» What is being asked
These records contain pictures, which must be left out; copy exactly the lines from the one with "alice_parade blonde_hair blue_eyes" up to and including the one with "Joshua Stamper, Aspire".

» Source material

=== Section Start ===

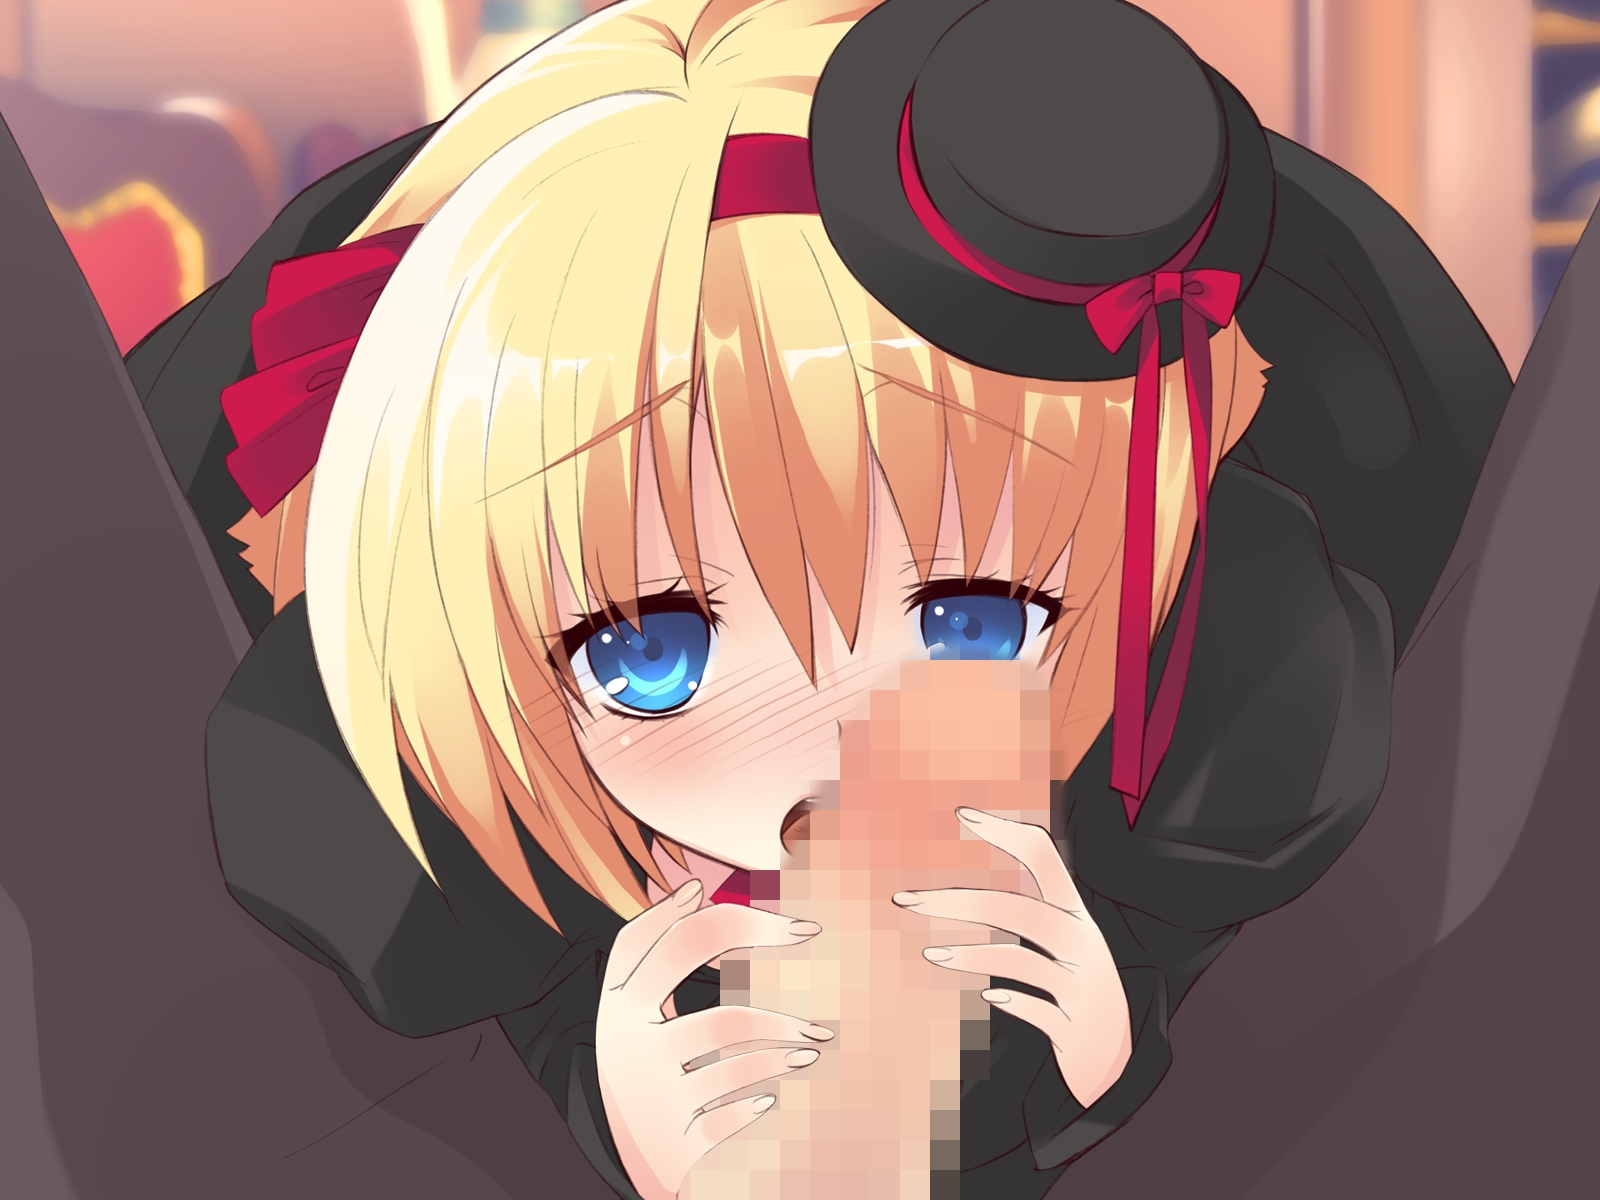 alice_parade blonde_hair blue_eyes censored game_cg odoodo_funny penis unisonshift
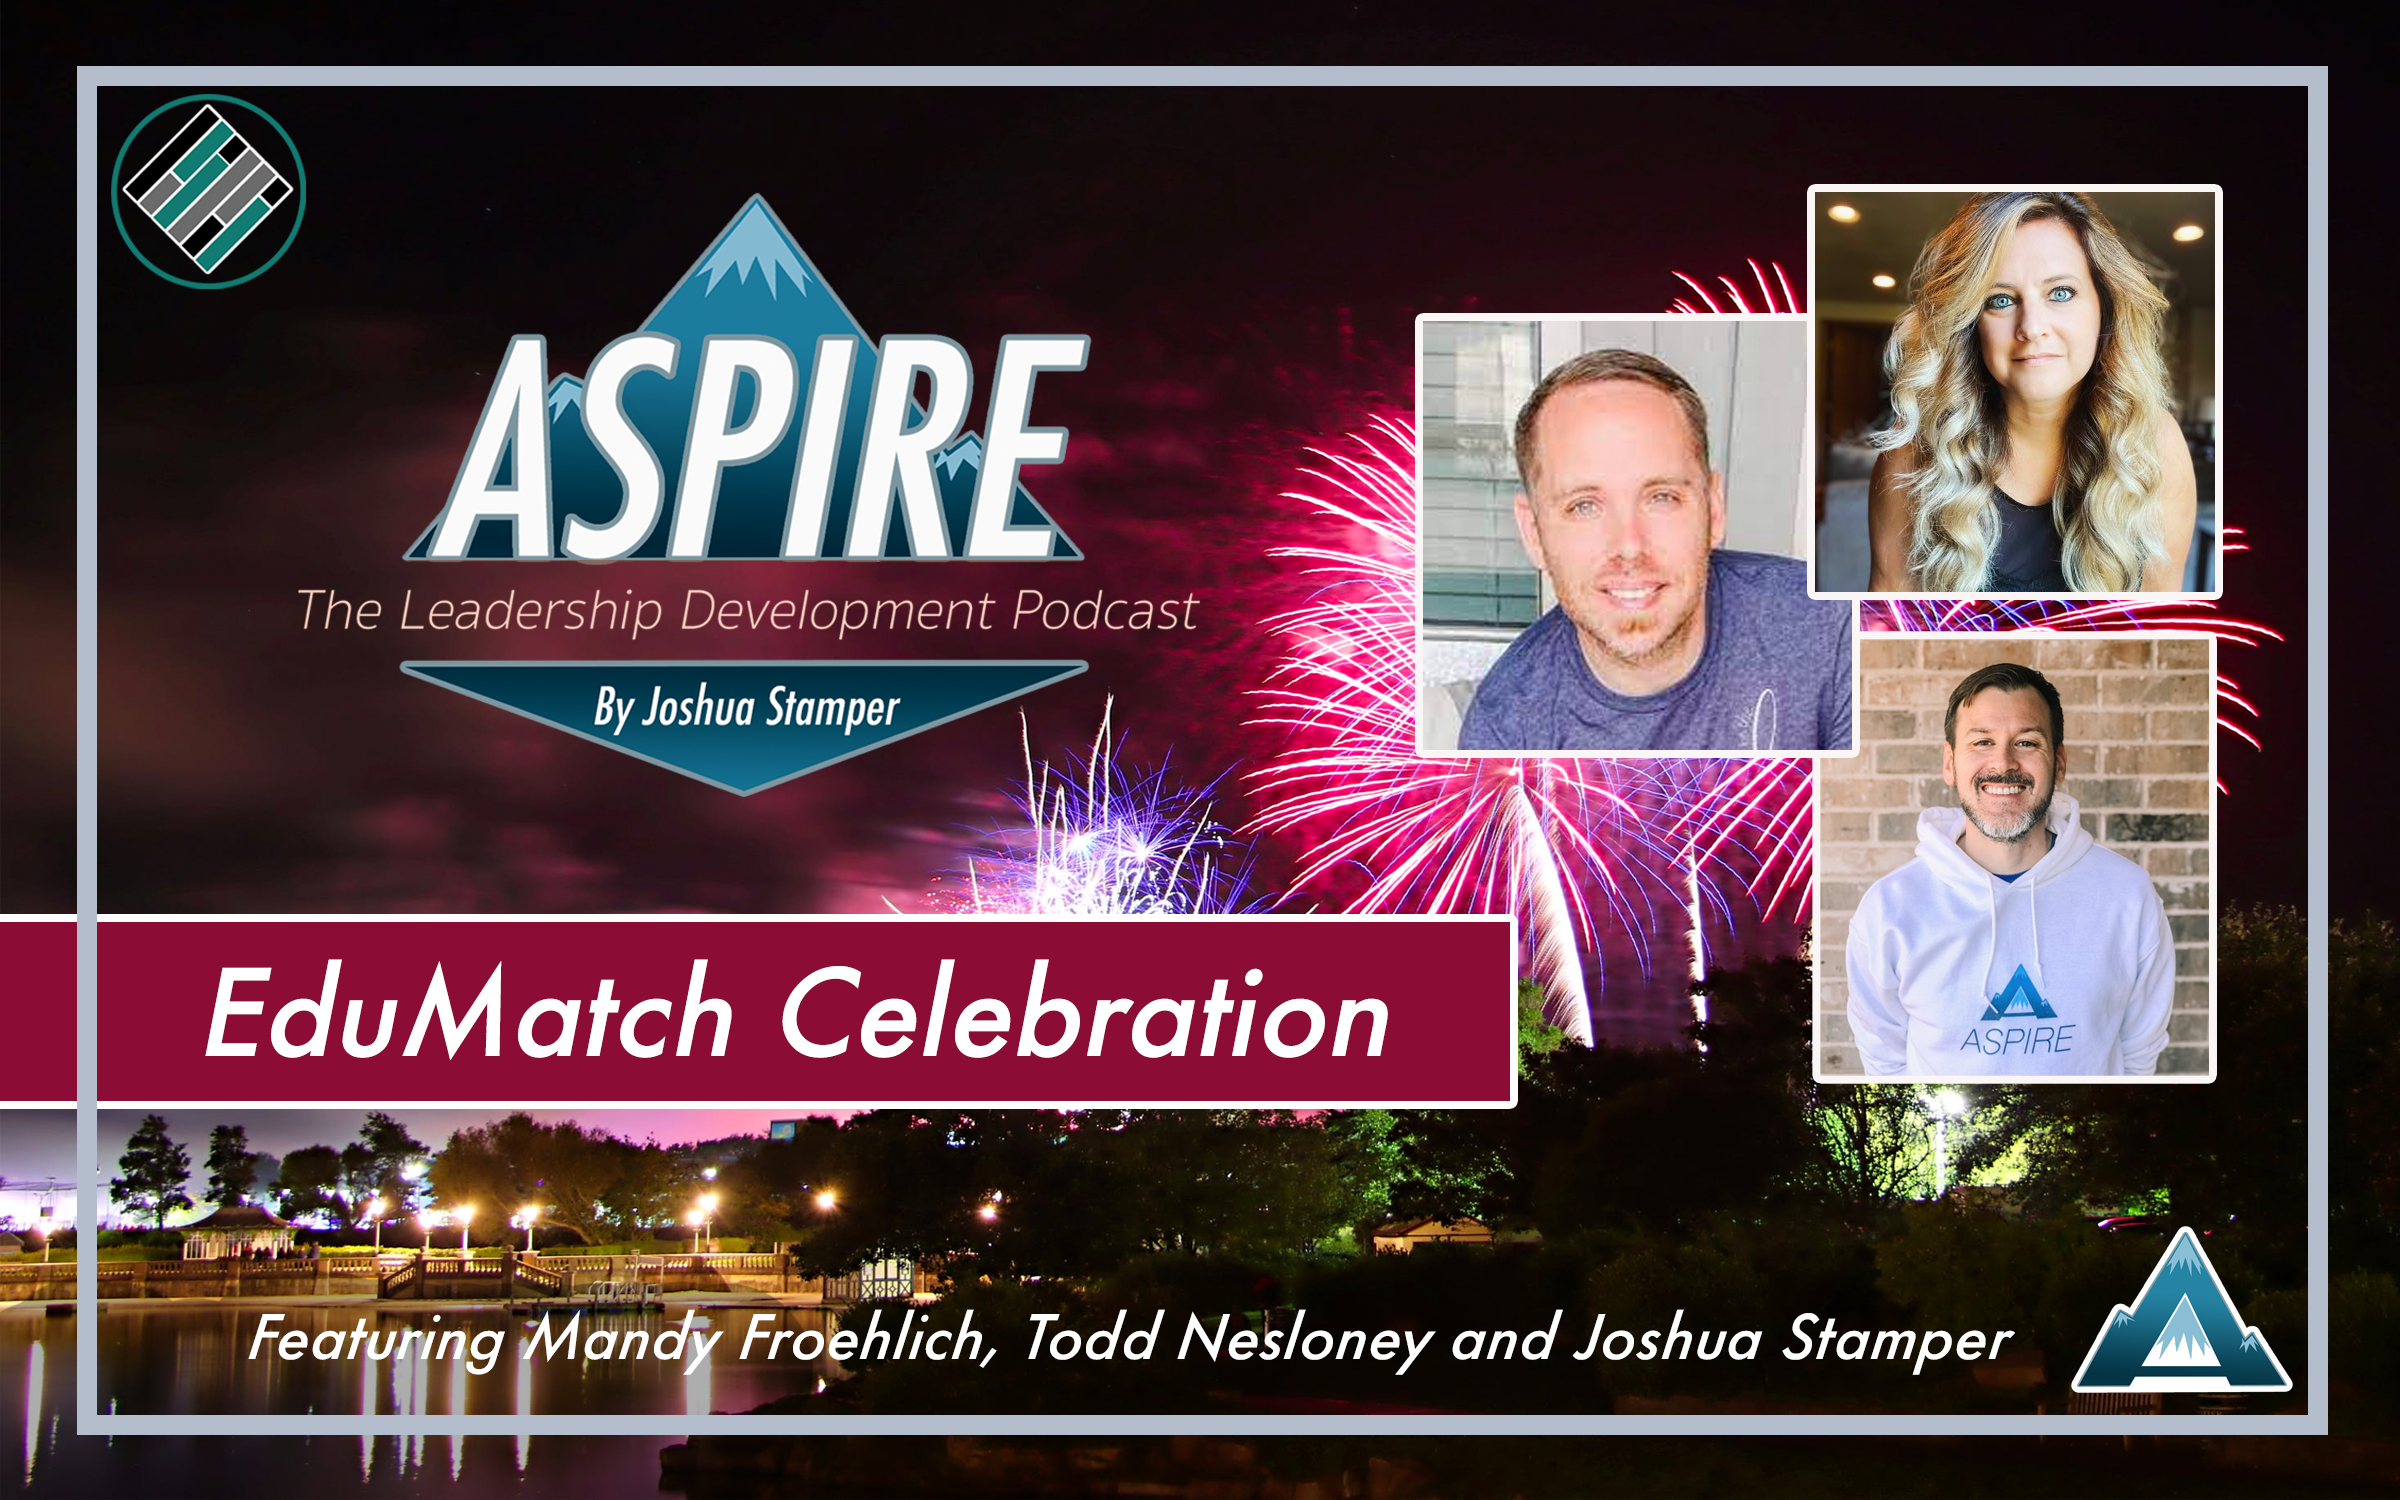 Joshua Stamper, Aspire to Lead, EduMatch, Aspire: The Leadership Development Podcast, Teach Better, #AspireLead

=== Section End ===
=== Section Start ===

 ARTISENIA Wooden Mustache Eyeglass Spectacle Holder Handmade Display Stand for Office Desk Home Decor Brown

=== Section End ===
=== Section Start ===

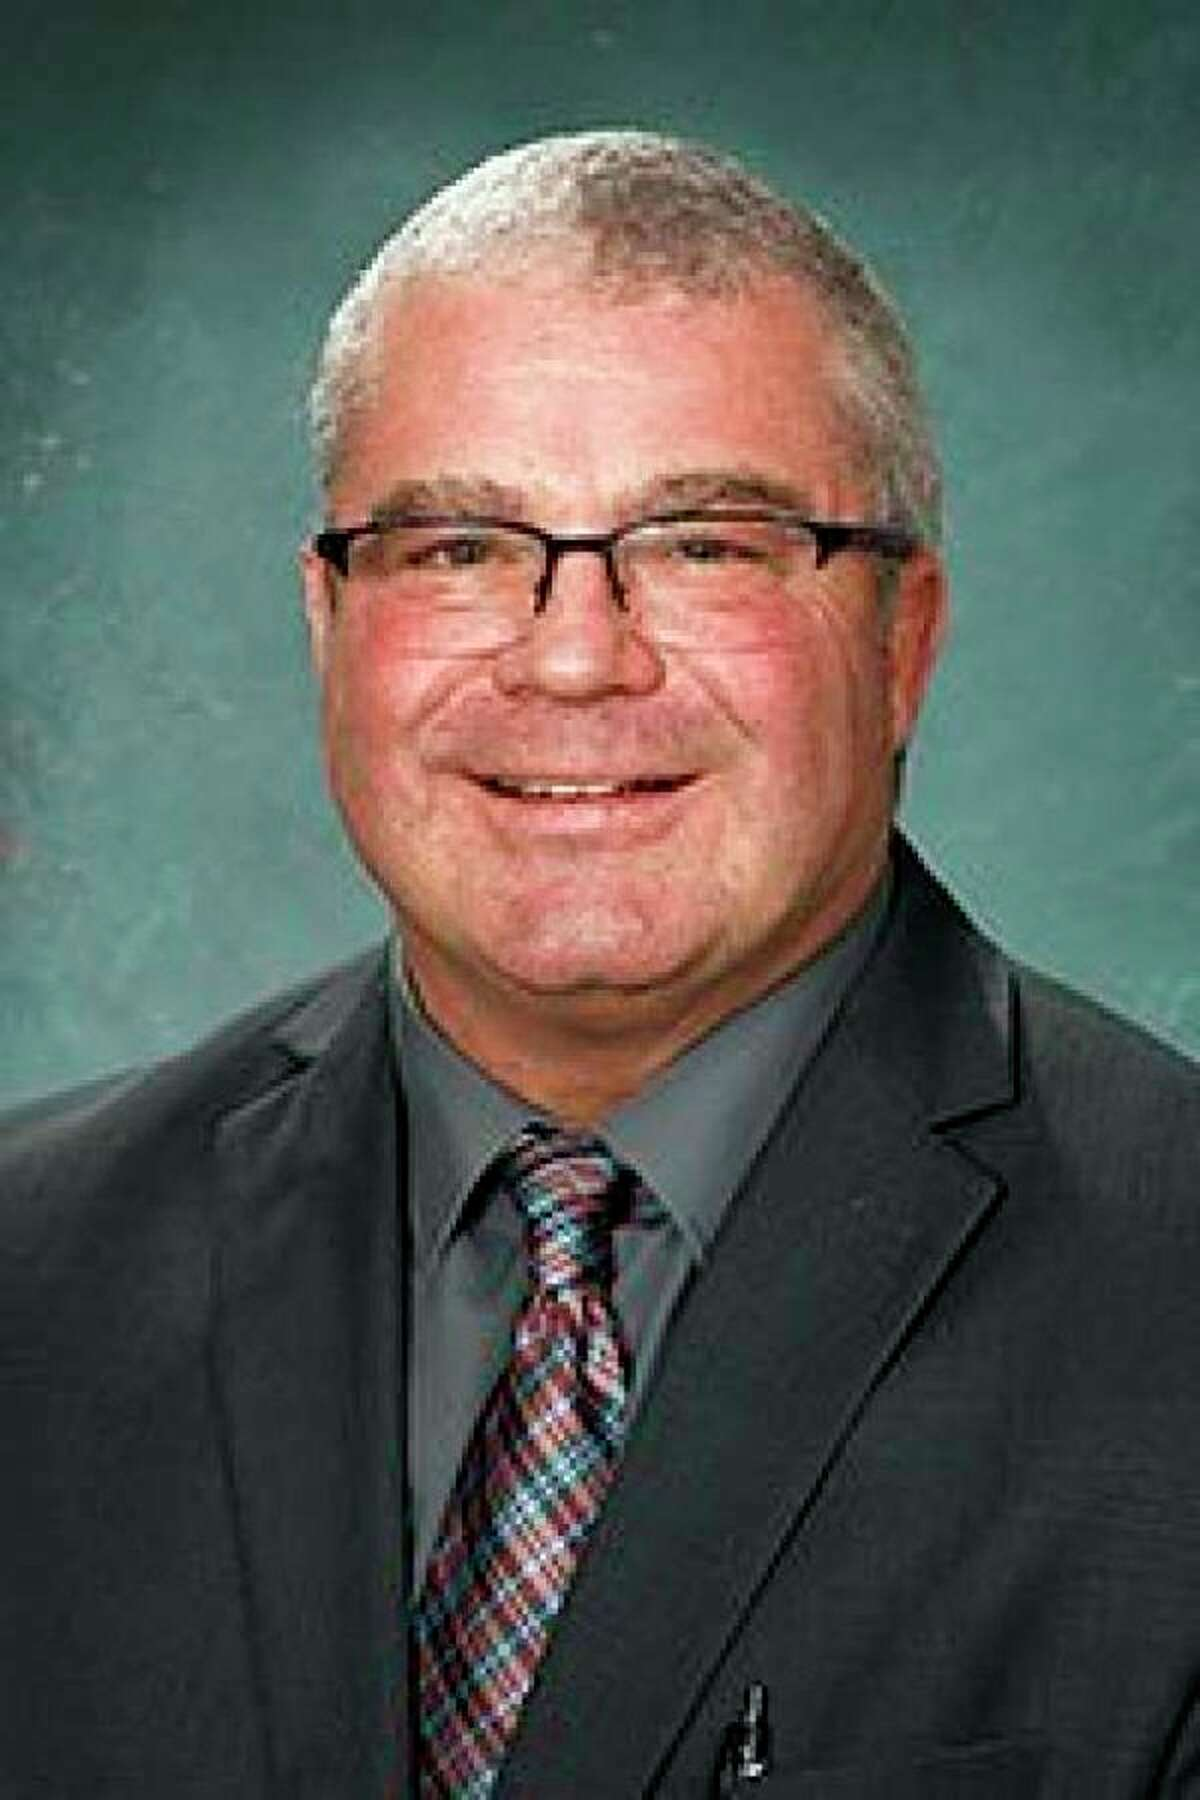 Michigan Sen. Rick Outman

=== Section End ===

» Response
 alice_parade blonde_hair blue_eyes censored game_cg odoodo_funny penis unisonshift
 Joshua Stamper, Aspire to Lead, EduMatch, Aspire: The Leadership Development Podcast, Teach Better, #AspireLead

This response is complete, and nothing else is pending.